Project X No. 9: Top 10 of John Peel’s Festive 50, 1990

In 1976, John Peel began the Festive 50 (or F50), an annual listener poll in which fans of Peel’s BBC Radio 1 program could write in their Top 3 tracks–initially of all time, more or less, and then, beginning in 1982, of the year. Peel continued the tally up through 2003; following his October 2004 death, it has continued in other hands, most recently via the Web station Dandelion Radio.

There are two things to keep in mind looking at the contents of the Festive 50s, all of which are viewable at Julian White’s long-running Rocklist site: one, Peel’s tastes cannot be summarized neatly; and two, they don’t matter much because he didn’t make the lists. Reading them is an education, but only up to a point. Many of the DJ’s eulogies memorialized him as indie rock’s best friend. This loses sight of Peel’s ardent championing of everything from African guitar pop to drum & bass to the vintage 78s introduced by his wife, Sheila.

It also ignores the fact that he was as prone to mocking his stereotypical guitar-loving sad-boy collegiate listeners as he was to giving them what they wanted.
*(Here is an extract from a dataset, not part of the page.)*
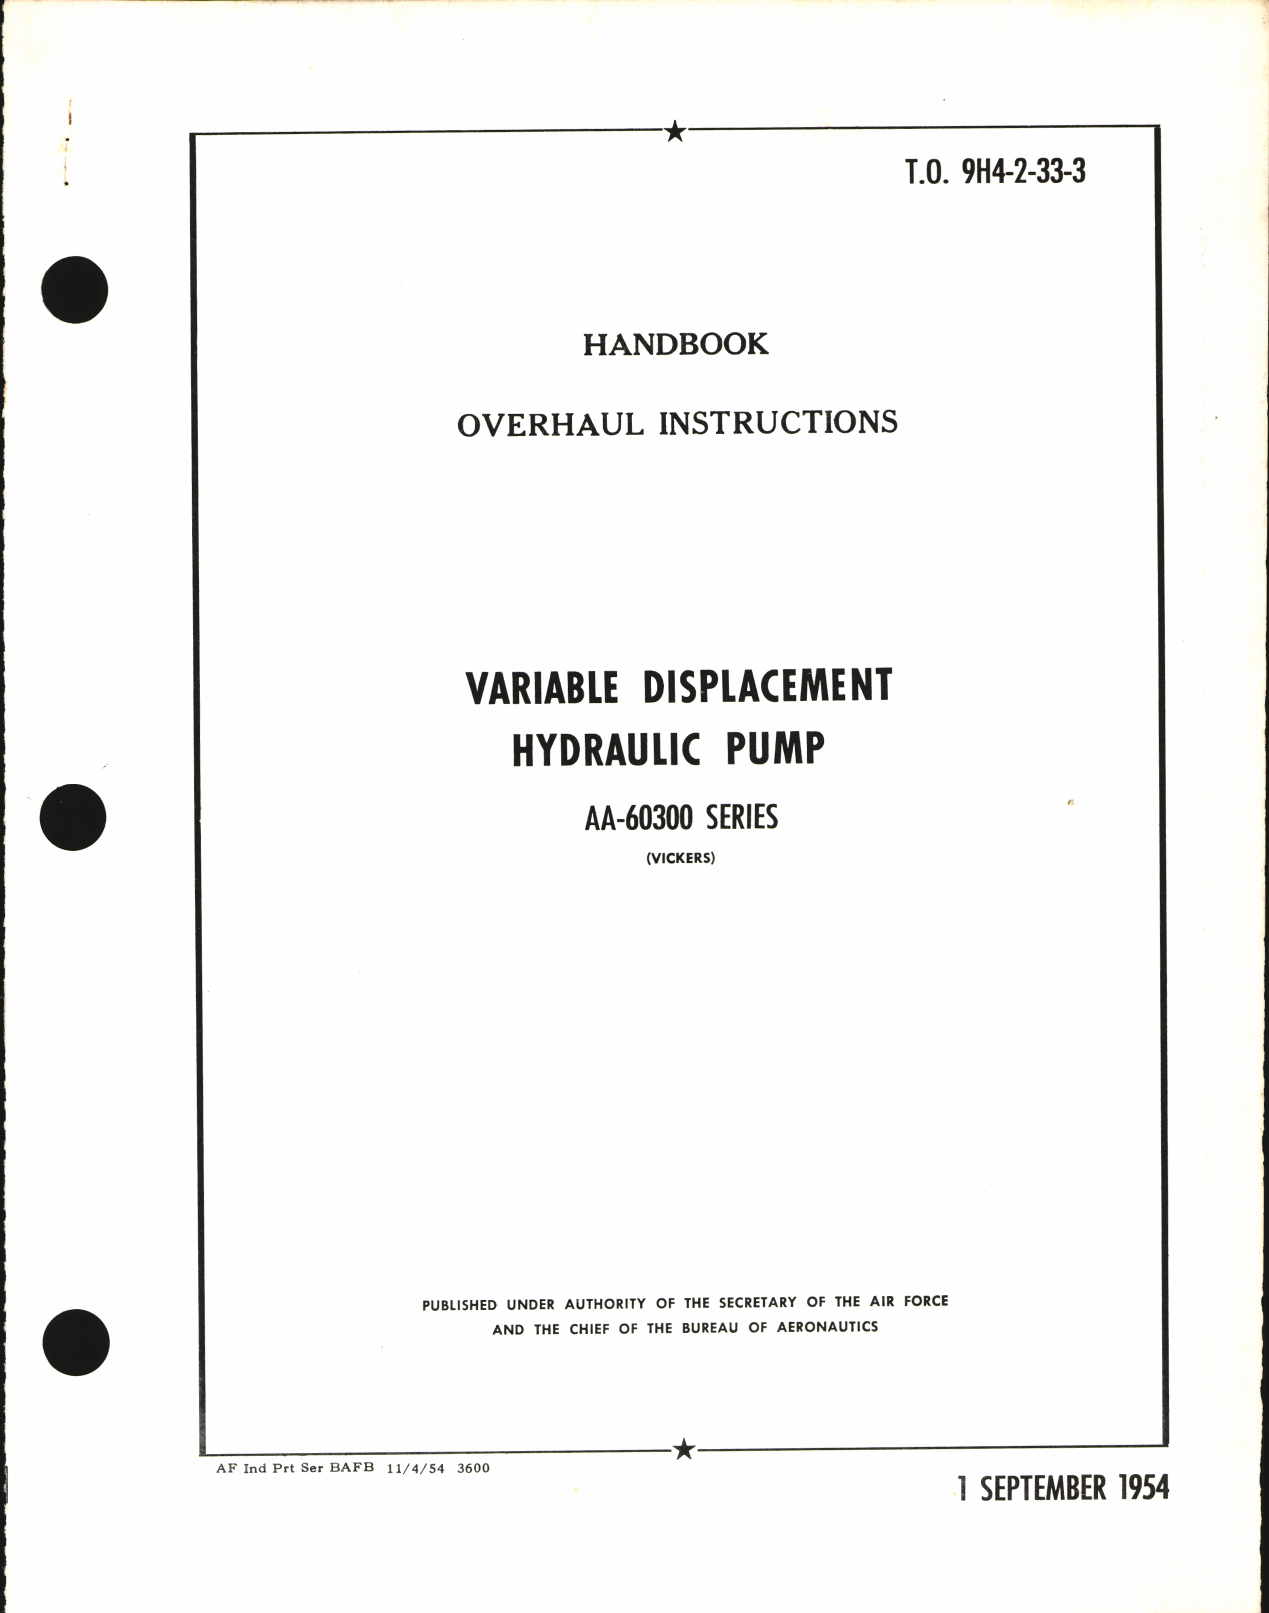 Sample page 1 from AirCorps Library document: Overhaul Instructions for Variable Displacement Hydraulic Pump AA-60300 Series

A 1987 Observer article by Peel refers to the previous year’s list as “faintly ridiculous” thanks to the extreme repetition of selections by the Smiths, Fall, and Wedding Present, and in 1991 he found the Nirvana-dominated F50 so depressingly predictable that he didn’t air it until 1993, one selection per week for a year. There’s certainly repetition and predictability a-go-go in the Top 10 of Peel’s 1990 Festive 50, a year before his self-imposed embargo:

1. The Fall, “Bill Is Dead” (Phonogram)
2. My Bloody Valentine, “Soon” (Creation)
3. Ride, “Dreams Burn Down” (Creation)
4. Ride, “Like a Daydream” (Creation)
5. Sonic Youth, “Tunic (Song For Karen)” (DGC)
6. Paris Angels, “(All on You) Perfume” (Sheer Joy)
7. The Wedding Present, “Make Me Smile (Come Up and See Me)” (BMG)
8. Happy Mondays, “Step On” (Factory)
9. The Wedding Present, “Corduroy” (RCA)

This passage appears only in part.